The remaining 5% makes up for a highly regulated and efficient market

With six of the 10 legitimate volume exchanges in the report based in the U.S., Bitwise argues that the crypto space is more regulated than presumed. Of the 10 exchanges, only Binance isn’t a money services business (MSB), while only the four non-U.S.-based exchanges don’t possess a BitLicense, which is issued by the New York State Department of Financial Services. This level of oversight only breads transparency.

The crypto market is maturing thanks to developments since December 2017

The year 2017, marked the time when bitcoin attracted the most attention from the mainstream world, thanks to the wild bull run that saw the crypto go from just under $1,000 per BTC to nearly $20,000 by the end of the year. But, the following 12 months saw the price drop to as low as nearly $3,000 during a period that is widely regarded as the crypto winter.

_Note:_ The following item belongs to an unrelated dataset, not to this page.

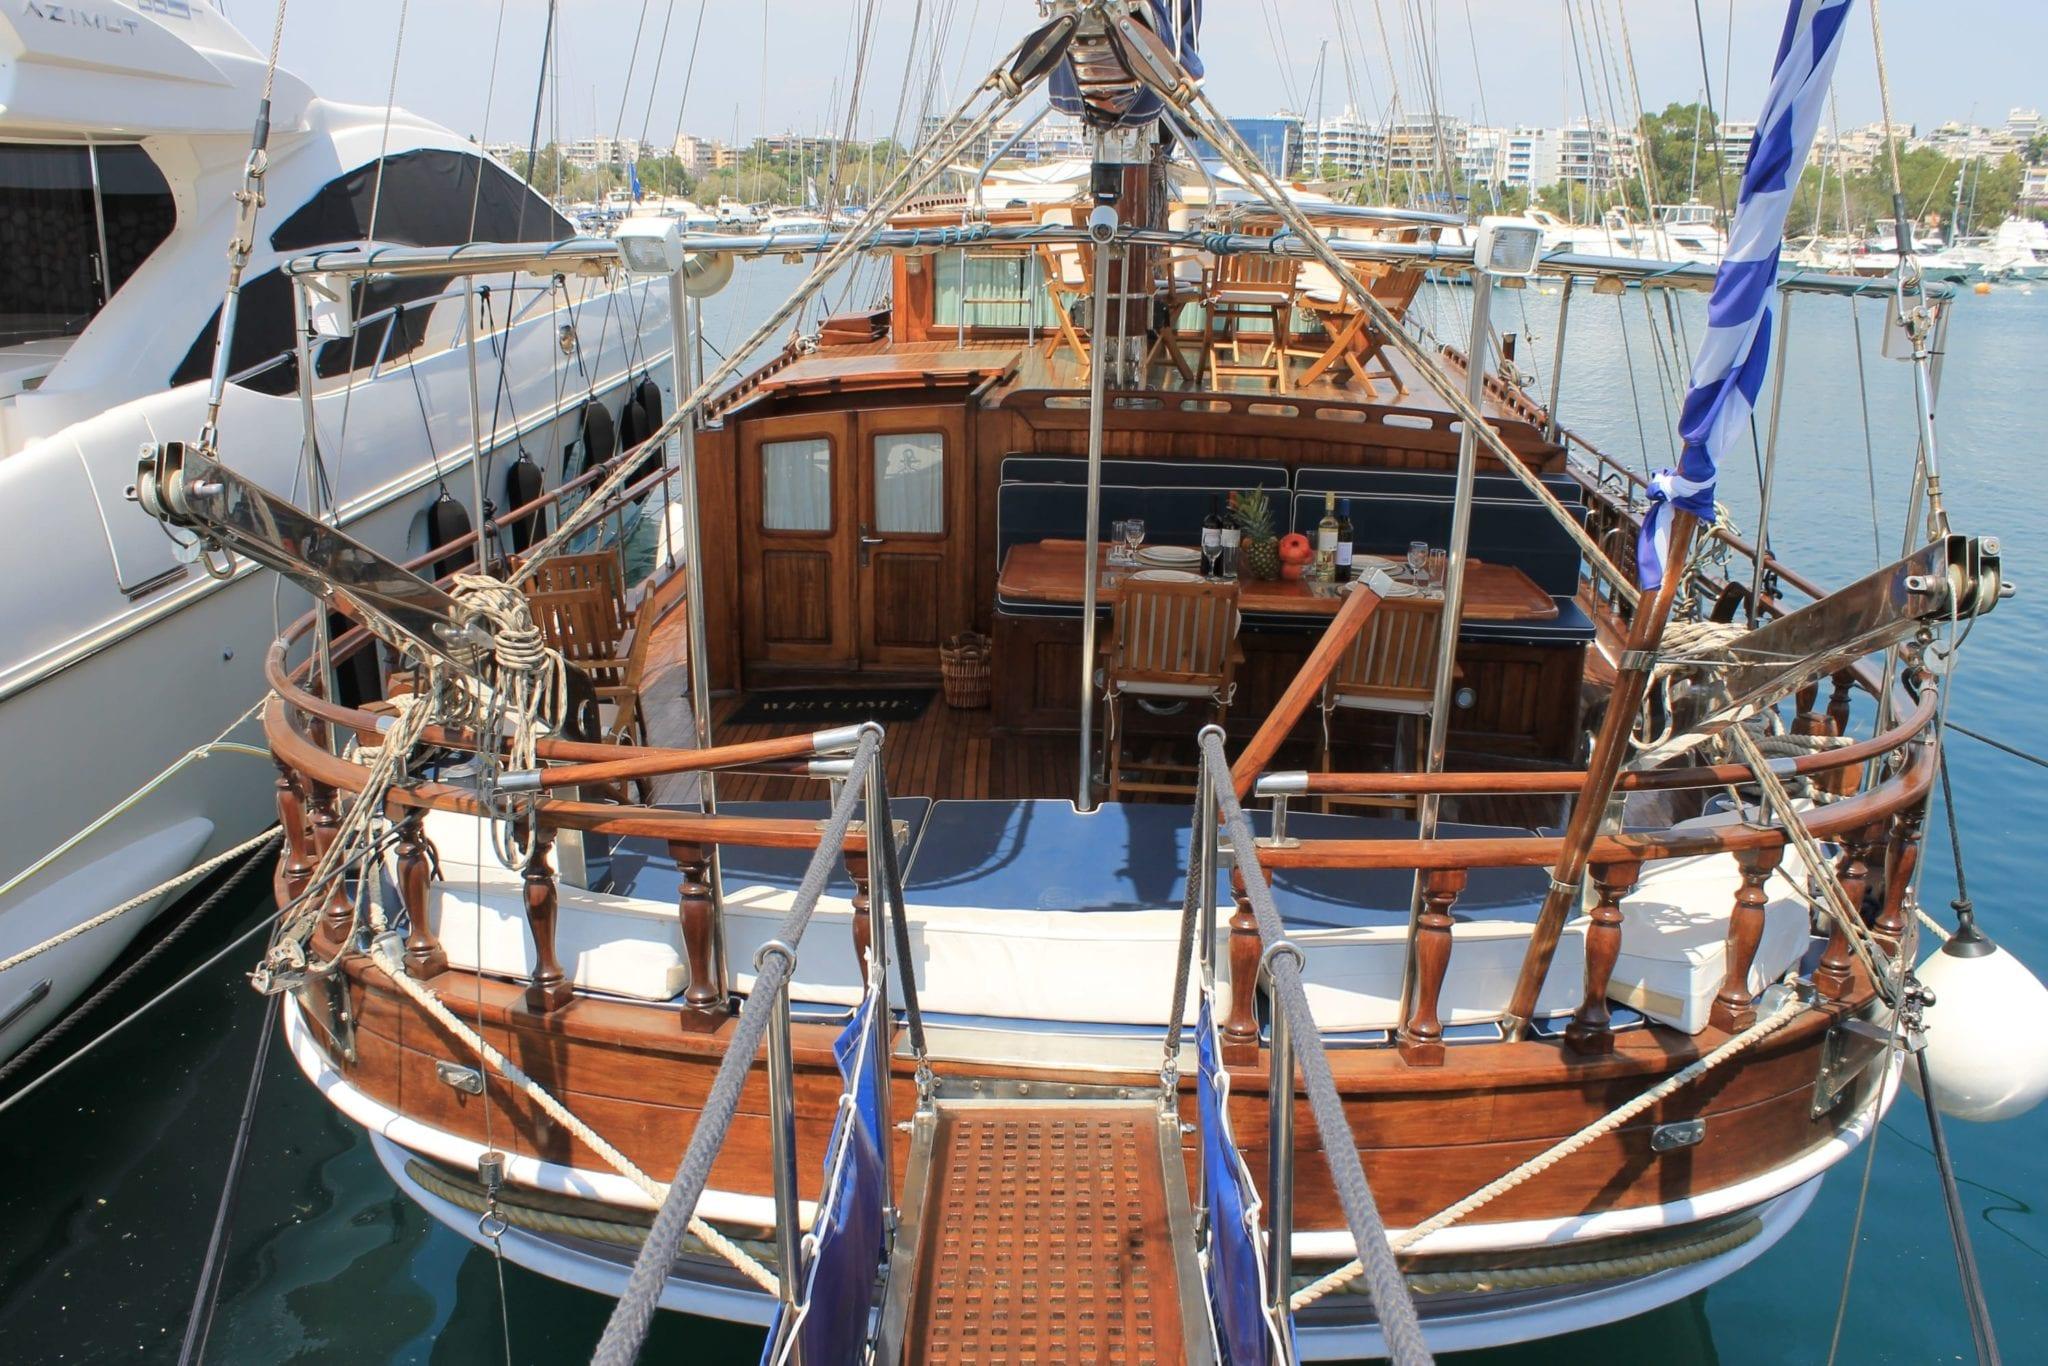 apollon motor sailer aft min -  Valef Yachts Chartering - 4746

Bitwise research suggests that the bitcoin market has significantly matured over the period. First of all, pointing to a downward trend in the average deviation of bitcoin’s price on its 10 reference exchanges from the consolidated price in the broader market, research claims that the quality of the bitcoin spot market has improved.

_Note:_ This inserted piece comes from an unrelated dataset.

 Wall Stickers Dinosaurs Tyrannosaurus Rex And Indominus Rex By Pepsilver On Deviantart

The Aggregate Average Deviation of Bitcoin's Price from Consolidated Price

According to the chart, the price of bitcoin on the 10 exchanges deviated by as much as 0.25% to 0.4% between January and March 2018. The trend, however, levels out as of April 2018. Bitwise suggests that this trend shows the growing competitiveness of bitcoin arbitraging.

Also, the introduction of bitcoin futures in December 2017 has attracted bigger traditional market players to the crypto space and has so far made the market more organized, according to Bitwise. The cryptocurrency space has seen the entrance of one of the world’s largest asset managers, Fidelity Investments, which has built a custodianship solution.

Algorithmic market makers including Jane Street, which traded more than $8 trillion across all financial products in 2018, also started offering bitcoin trading in 2018. Other large algorithmic market makers that have entered the space include Susquehanna International Group, FlowTraders and Jump Trading LCC.

These developments, according to Bitwise, have allowed the bitcoin market to sizeably grow in efficiency. The paper points at trends on how deviations in price are being rapidly wiped off the market as proof that institutional-grade tools are being deployed.

Nail-biting moments in anticipation of Bitwise ETF ruling

Bitwise is currently awaiting a decision to be made on its ETF filing with the SEC. With this report, the crypto asset manager aims to alleviate the SEC’s fears and show the commission that the market has matured to a level where it can sustain an ETF product.

When the SEC rejected an ETF application by the Winklevoss brothers last year, it expressed concerns that regulated derivatives markets such as the bitcoin futures market are small relative to the spot market. In turn, this would make it difficult to see through the unregulated, and possibly fraudulent, nature of the bitcoin market.

By showing that the spot market is significantly smaller than often reported, Bitwise pointed out that the size of the bitcoin futures market is almost as large as the bitcoin spot market. Through this, the fund manager hopes to persuade the SEC to finally ease up on its concerns regarding cryptocurrencies.